Action item:
Repeat the whole listing word for word, skipping pictures.

Data extract:
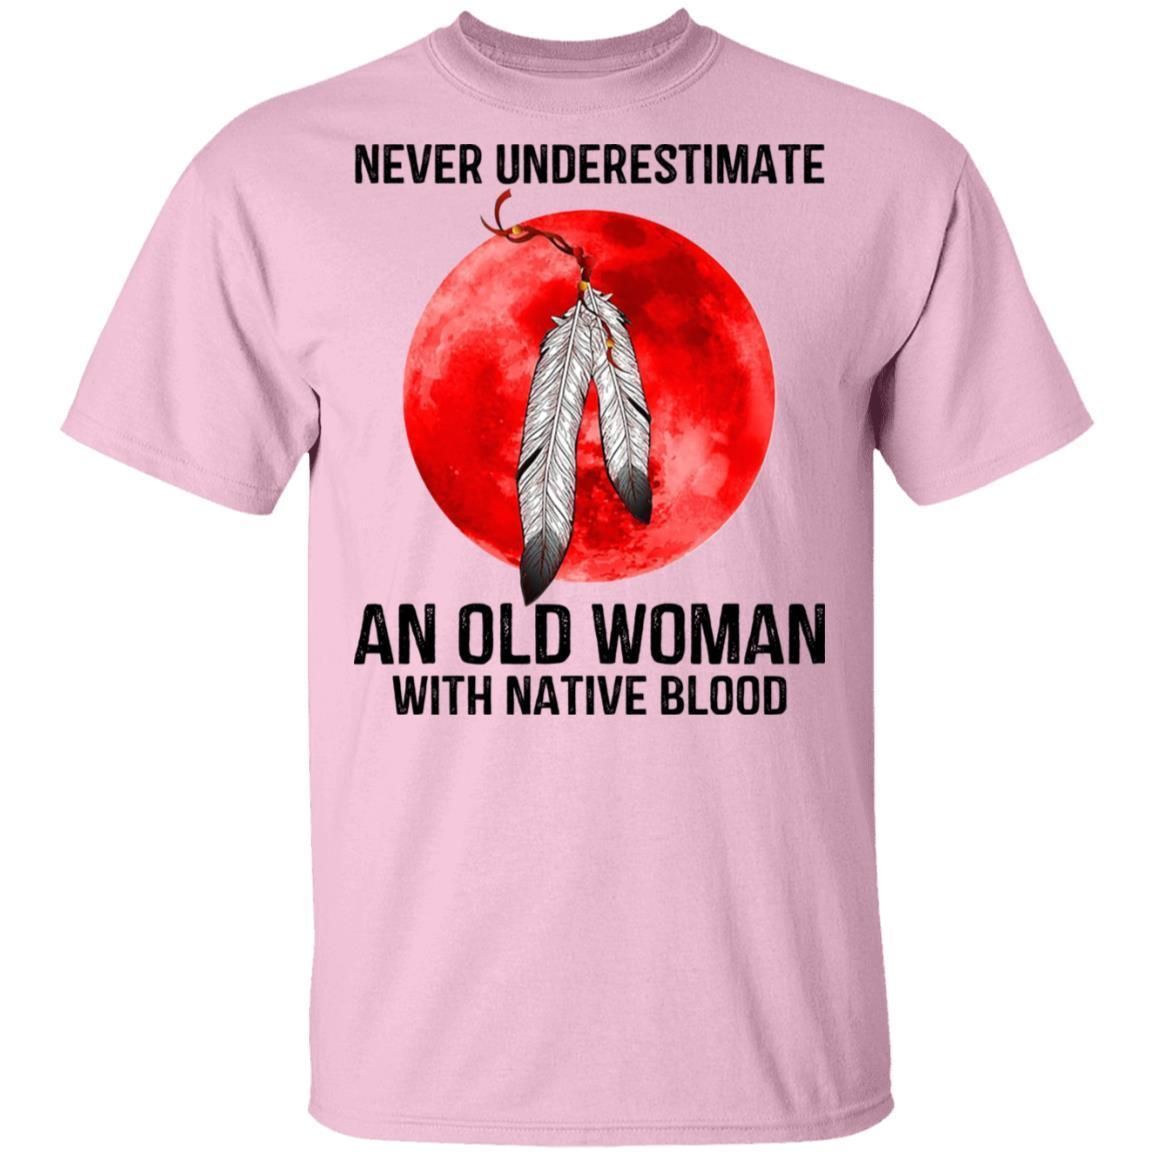 Never underestimate an old woman with native blood shirts
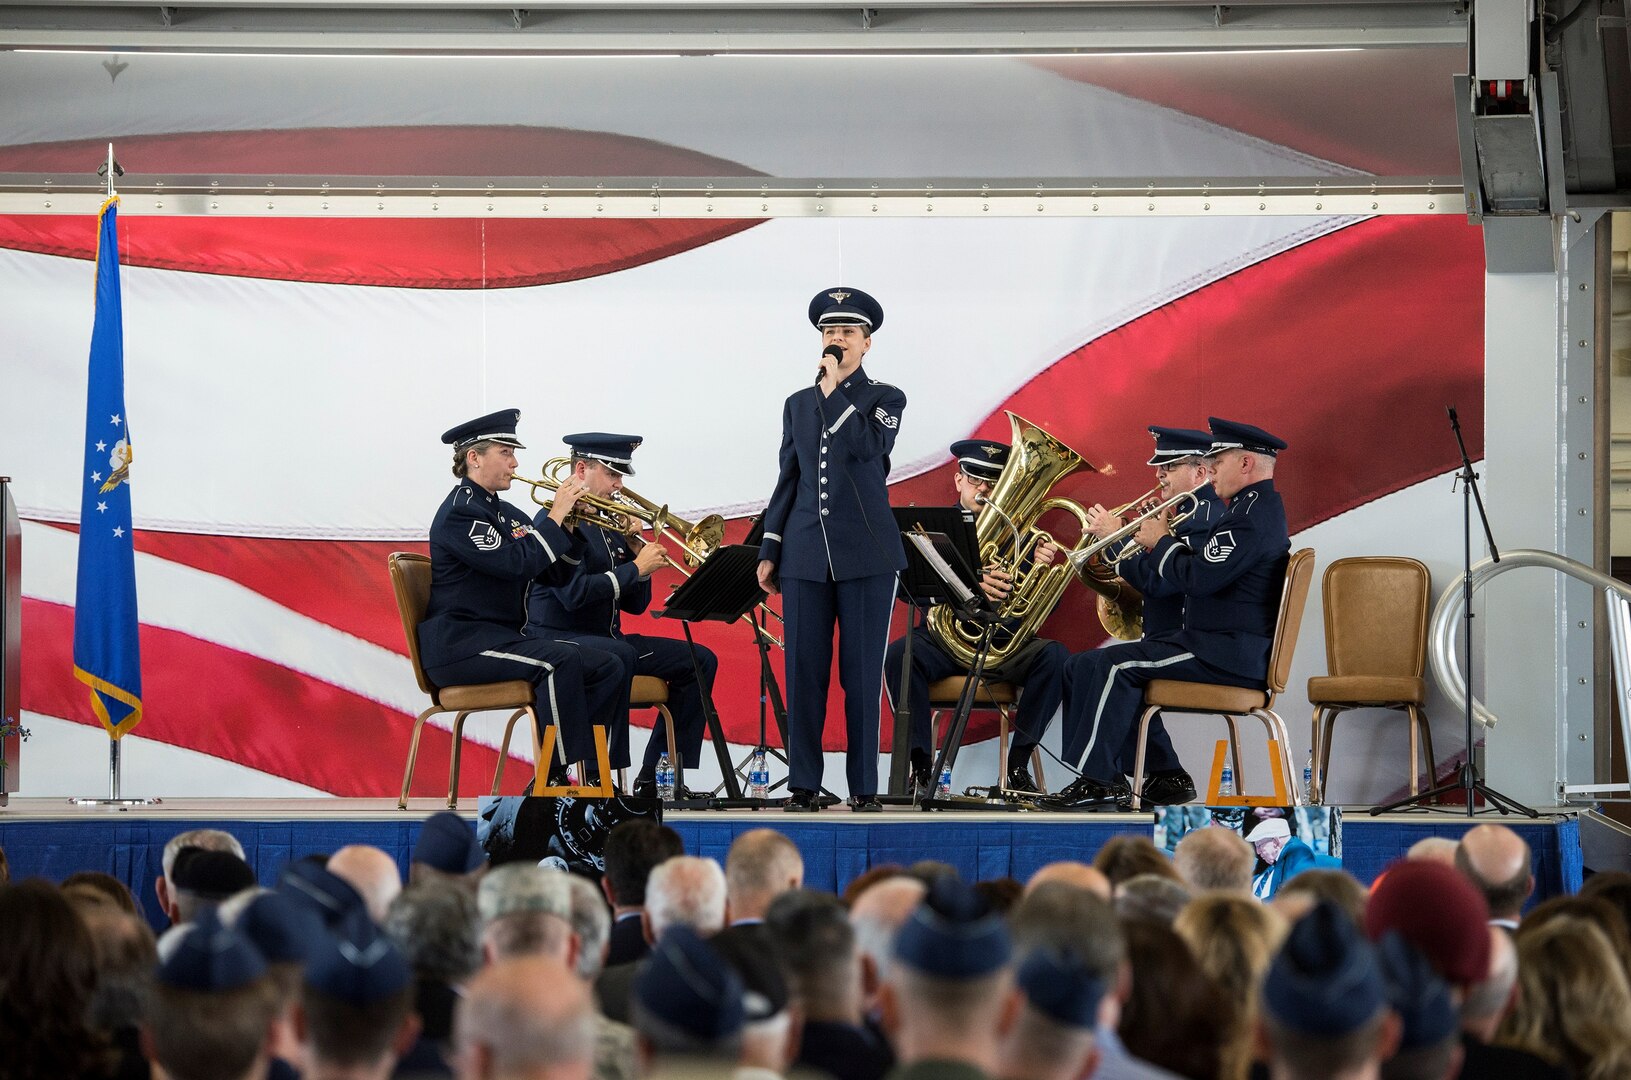 U.S. Air Force Staff Sgt. Michelle Doolittle, a descendant of Gen. Jimmy Doolittle, sings “America the Beautiful” during a memorial service celebrating the life of retired U.S. Air Force Lt. Col. Richard “Dick” E. Cole at Joint Base San Antonio-Randolph April 18. Cole, the last surviving Doolittle Raider, was the co-pilot on a B-25 Mitchell for then-Col. Jimmy Doolittle during the storied World War II Doolittle Tokyo Raid.
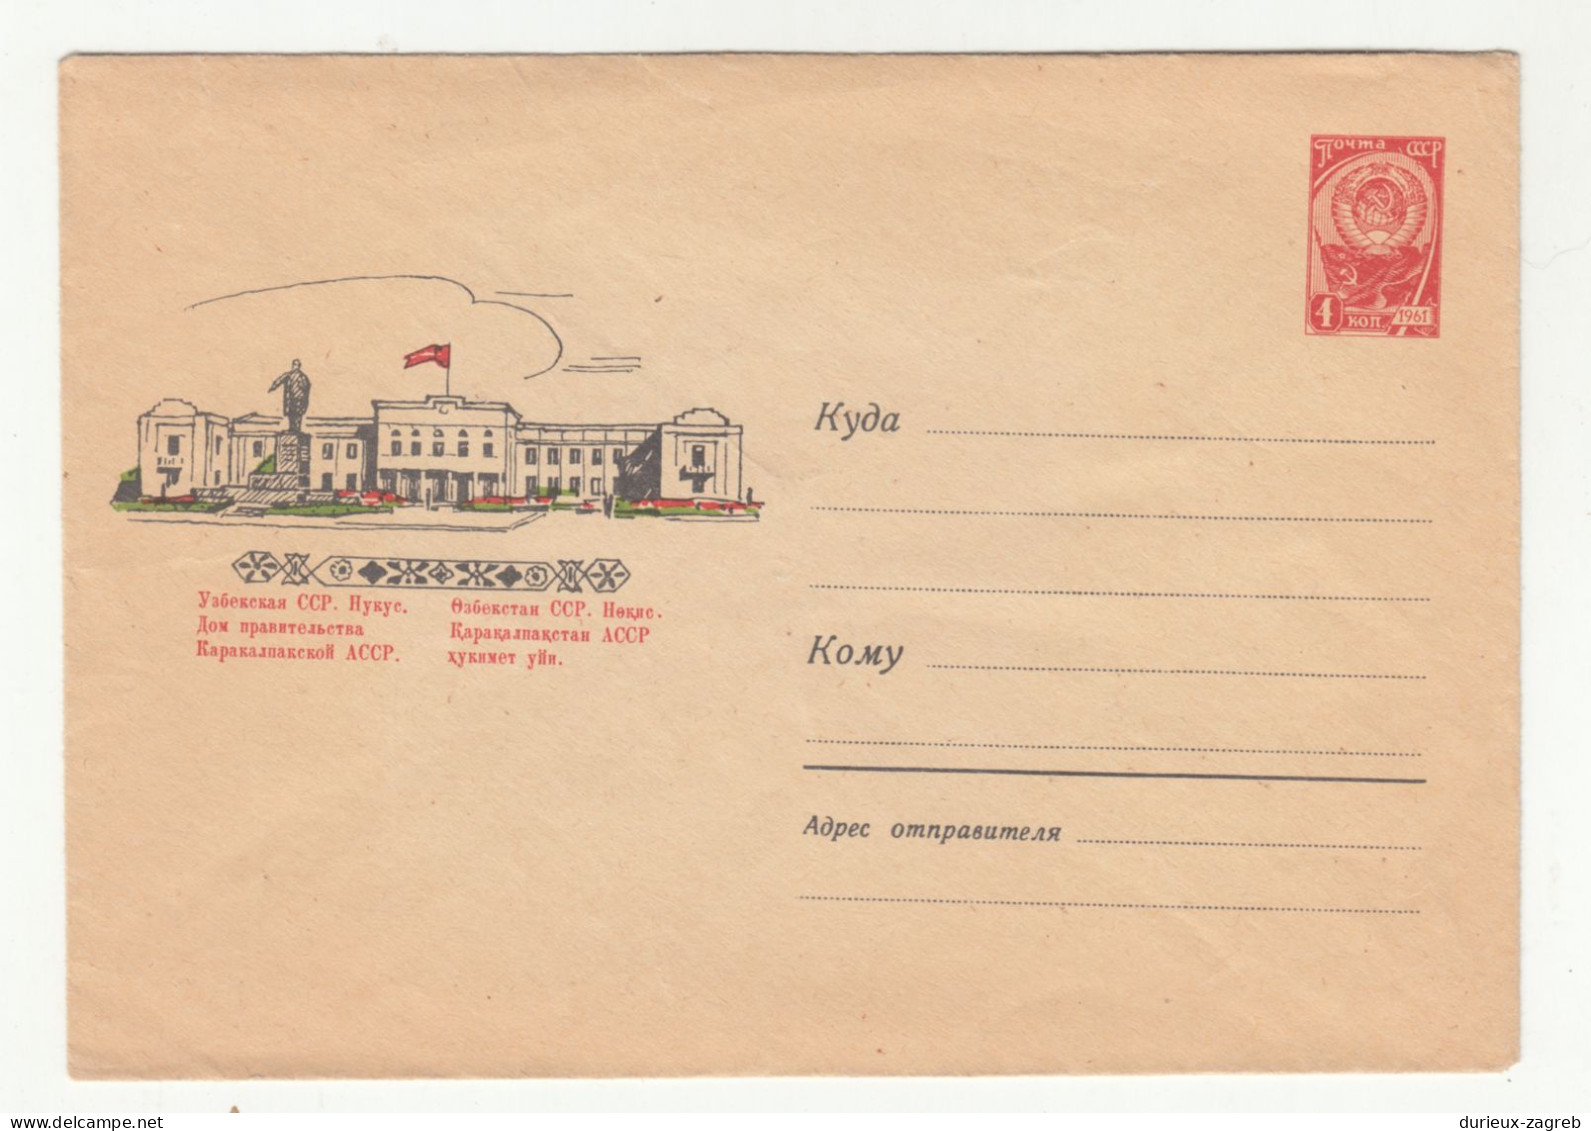 Russia SSSR Postal Stationery Cover Unused B240401 - Unclassified

Exercise result:
 Never underestimate an old woman with native blood shirts
 U.S. Air Force Staff Sgt. Michelle Doolittle, a descendant of Gen. Jimmy Doolittle, sings “America the Beautiful” during a memorial service celebrating the life of retired U.S. Air Force Lt. Col. Richard “Dick” E. Cole at Joint Base San Antonio-Randolph April 18. Cole, the last surviving Doolittle Raider, was the co-pilot on a B-25 Mitchell for then-Col. Jimmy Doolittle during the storied World War II Doolittle Tokyo Raid.
 Russia SSSR Postal Stationery Cover Unused B240401 - Unclassified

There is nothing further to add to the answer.